Years ago, while reading a blog post by Lilian Chan a.k.a. 5xmom, she mentioned almost at the end of her post about how she could create a blog post of approximately 700 words in just 15 minutes. At first I mentally shrugged and thought, sure, I can do that, *duh*. After giving it a second thought, and thinking back at all the times I spent in front of the computer trying to finish a blog post, I realized that doing so wasn’t as easy as I initially thought.
For a while afterwards, I started timing myself to see just how much time I actually spent as I worked on writing each post in my blog.
Approximately ONE HOUR PER POST! For a mere 500 words?! DARN! And I thought I was just easily spilling words out like vomit!
The knowledge that I was a “slow” blogger kind of gotten stuck in my head together with 5xmom’s brag about her skills, and those thoughts kept popping in my head for years up till now.

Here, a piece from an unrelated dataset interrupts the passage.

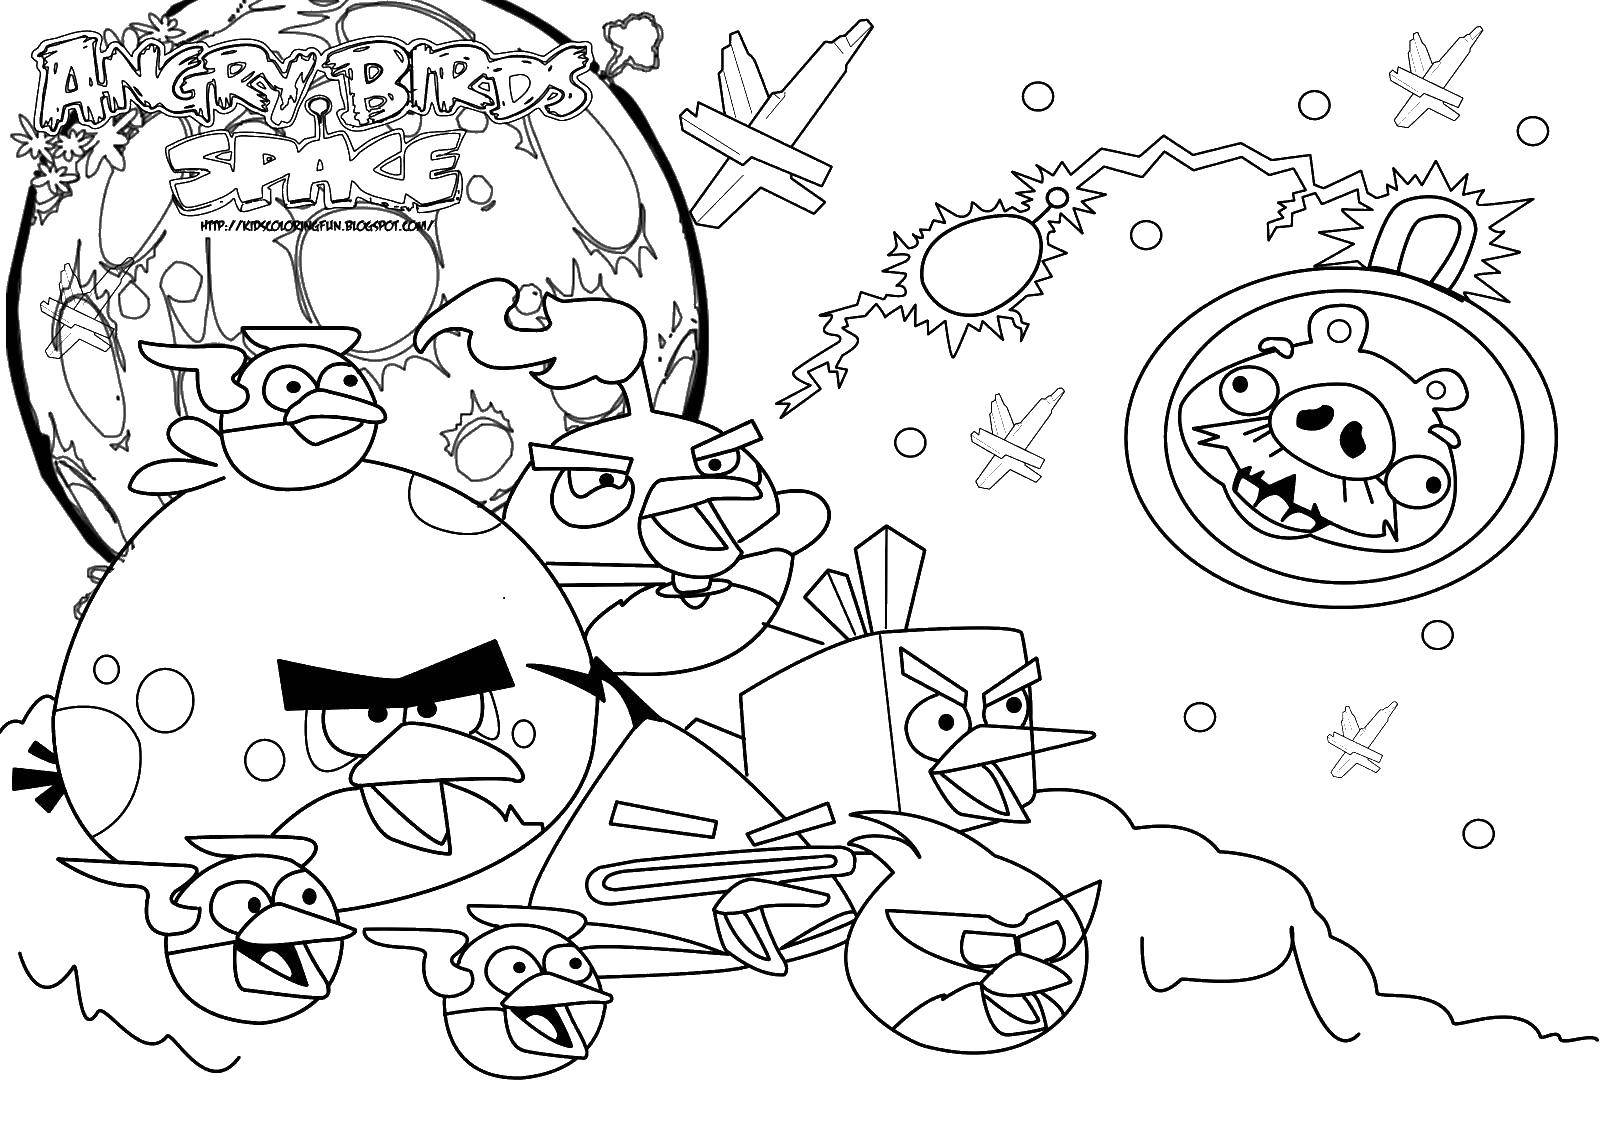 Coloring Angry birds game. Category angry birds. Tags:  angry birds, pig, bird.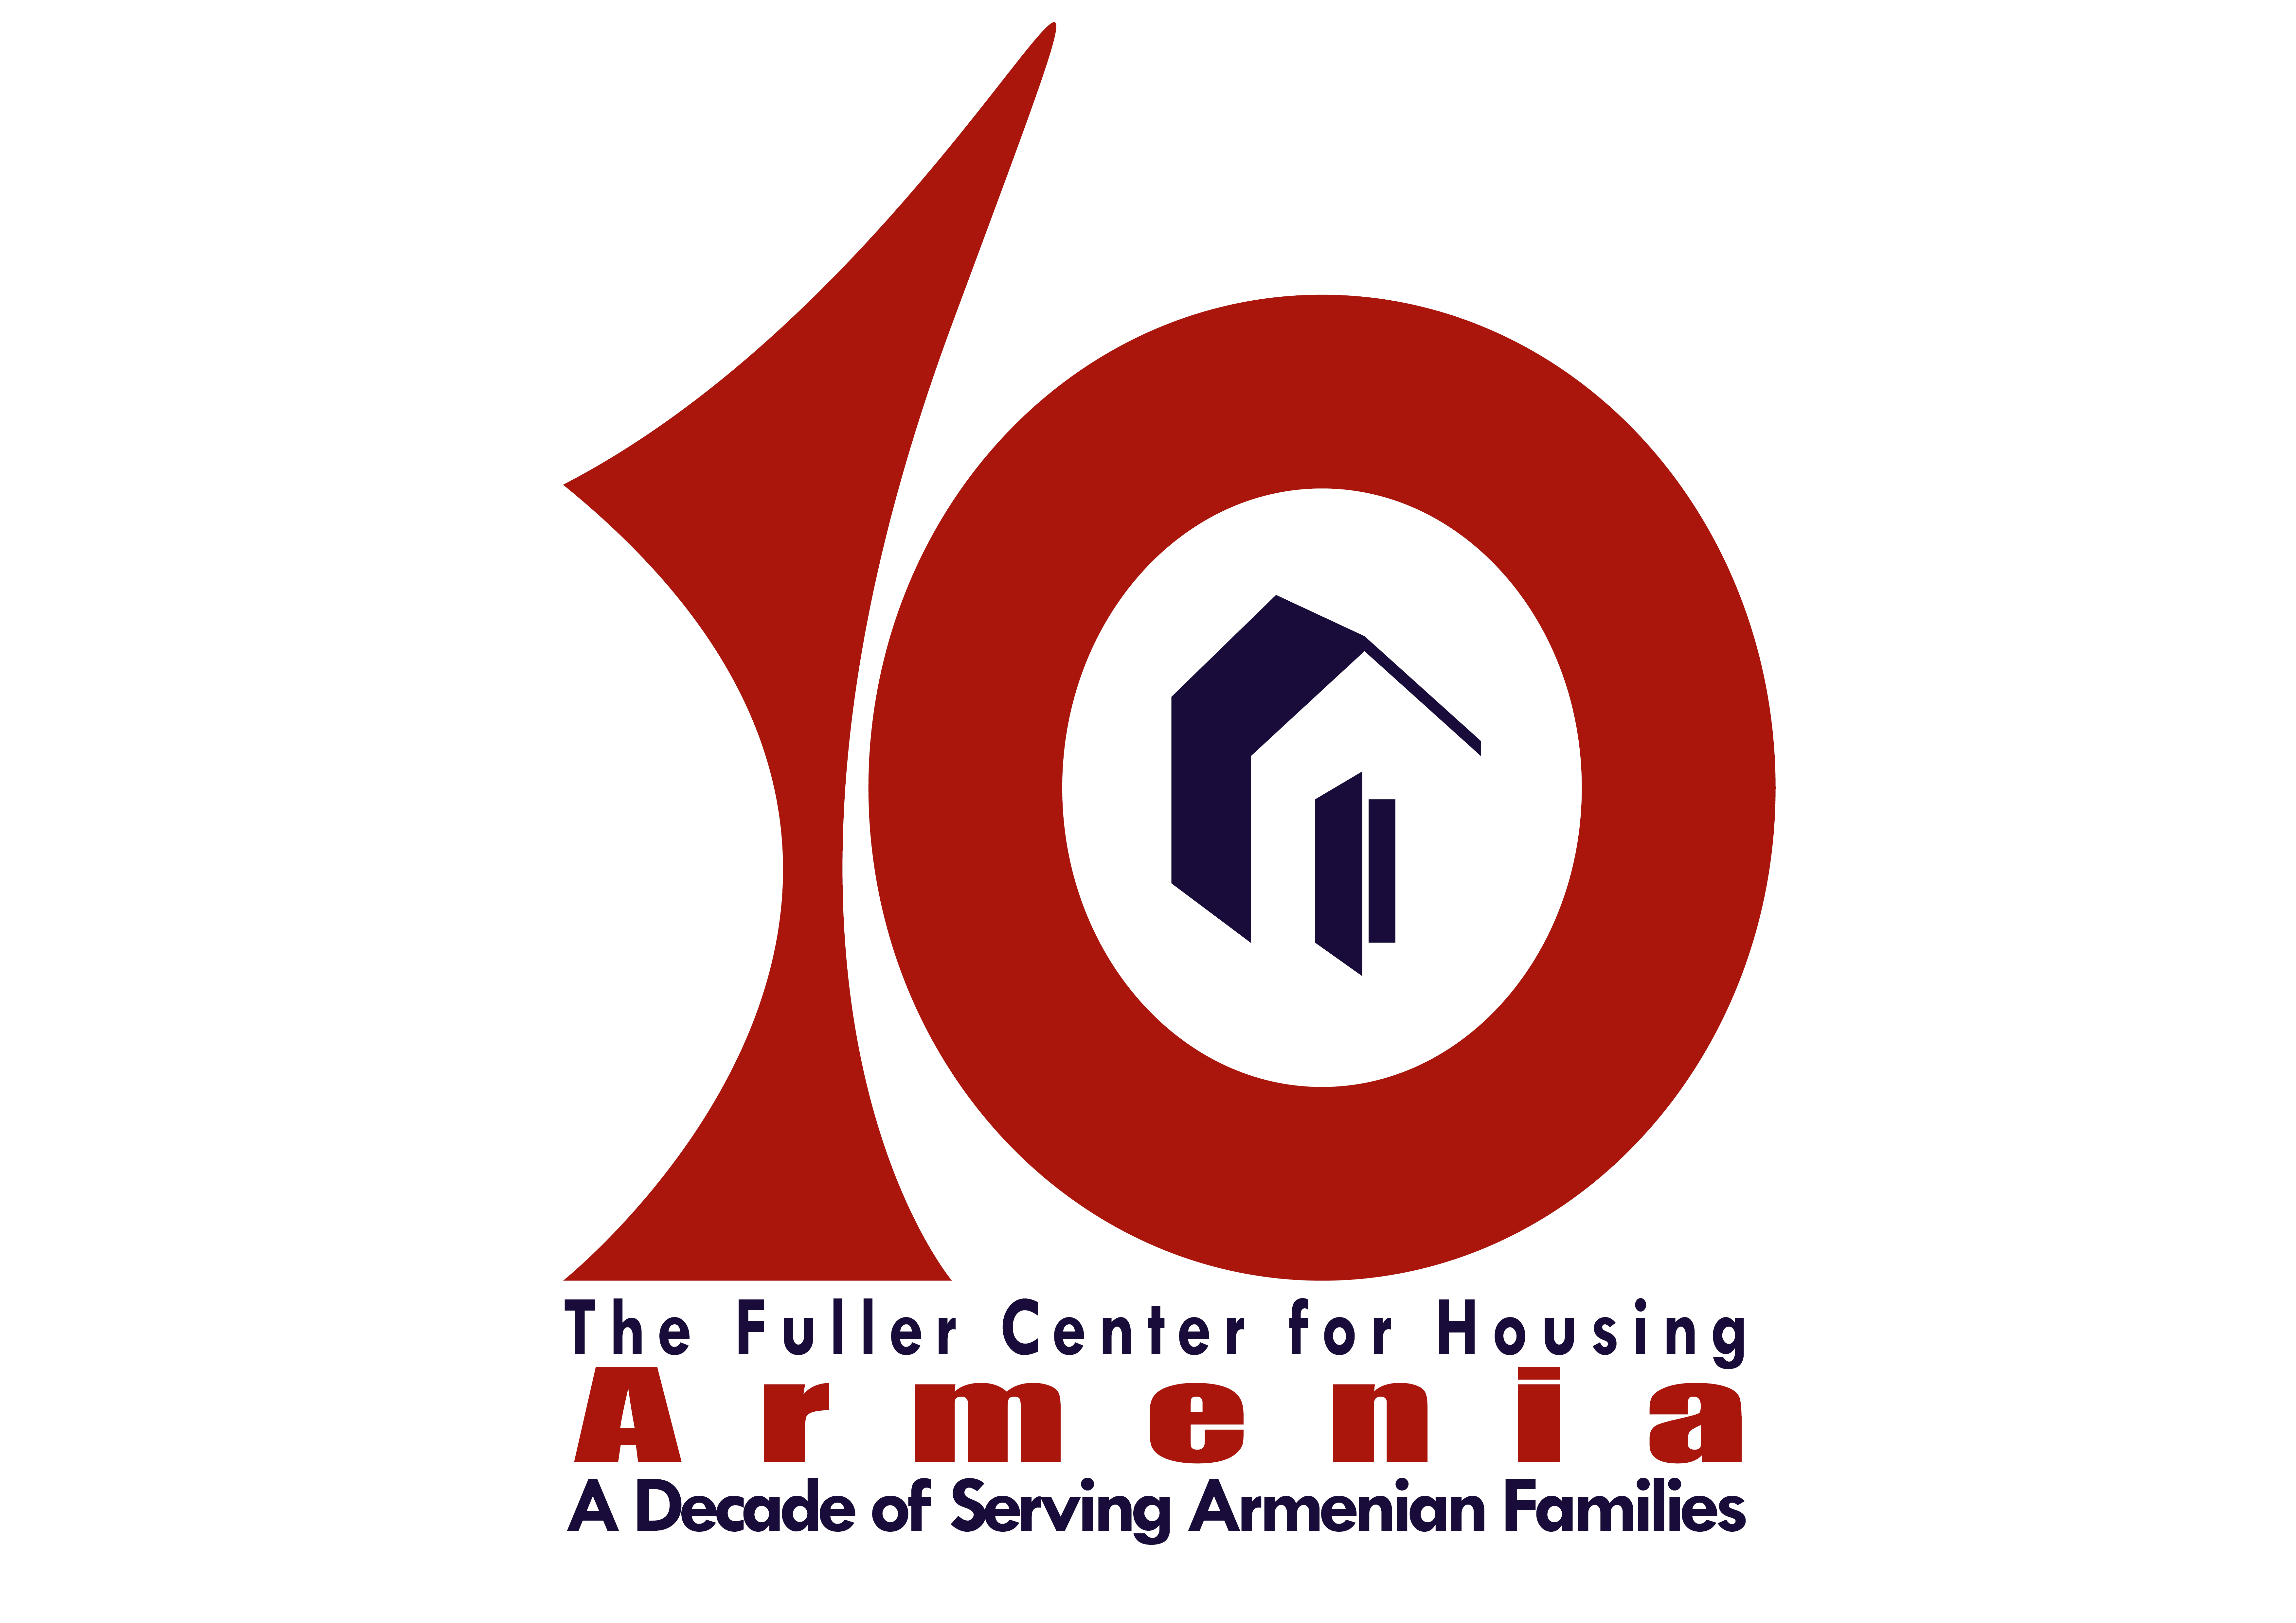 Deserving Life for 10 Families in Need of Decent Housing  towards 10th Anniversary

Loads of questions were running through my mind — why am I bothered by that fact?.. why do I blog so slow?.. why do I have to spend so much time on a blog post?.. why can’t I just blurt out what’s in my head?.. how do I make my blogging faster? My brain has these questions in loop every time I was self-aware of my blogging skills.
It bothers me that I’m even bothered about this issue. So why am I so bothered?
Right now I am sitting alone in the darkness of my living room past midnight, with the rest of my family fast asleep, so I guess since no one is currently bothering me, I have all the time, thoughts and energy to myself to answer these bugging questions.
So MAYBE my ego was a little bruised by the speed in which I blog. Words were suppose to flow naturally out of me, like spring water out of a… blergh.
Perasan. That’s a Malay word for “you are so full of yourself.”
I tend to rethink things in my head, going over the details, making sure that not only are my words concise, blunt in a less obnoxious way, funny in a sarcastic way, gets a bit of wordplay once in a while, but the words also have to be accurate and, most importantly, help me sound smarter that the average jane. I’m just very fussy this way. There’s a reason why my blog ranks well in Google and gets a PageRank of 4, you know? SEO doesn’t just happen in my blog. I planned it in such a way so that the quality of my blog posts just has to be at par with my expectations.
I probably won’t be able to blog faster anytime soon, without compromising the quality of my posts, especially when juggling kids, work, home and other past-time stuff. Life is that crazy right now.
Which are you — a speed-blogger, or a leisurely blogger?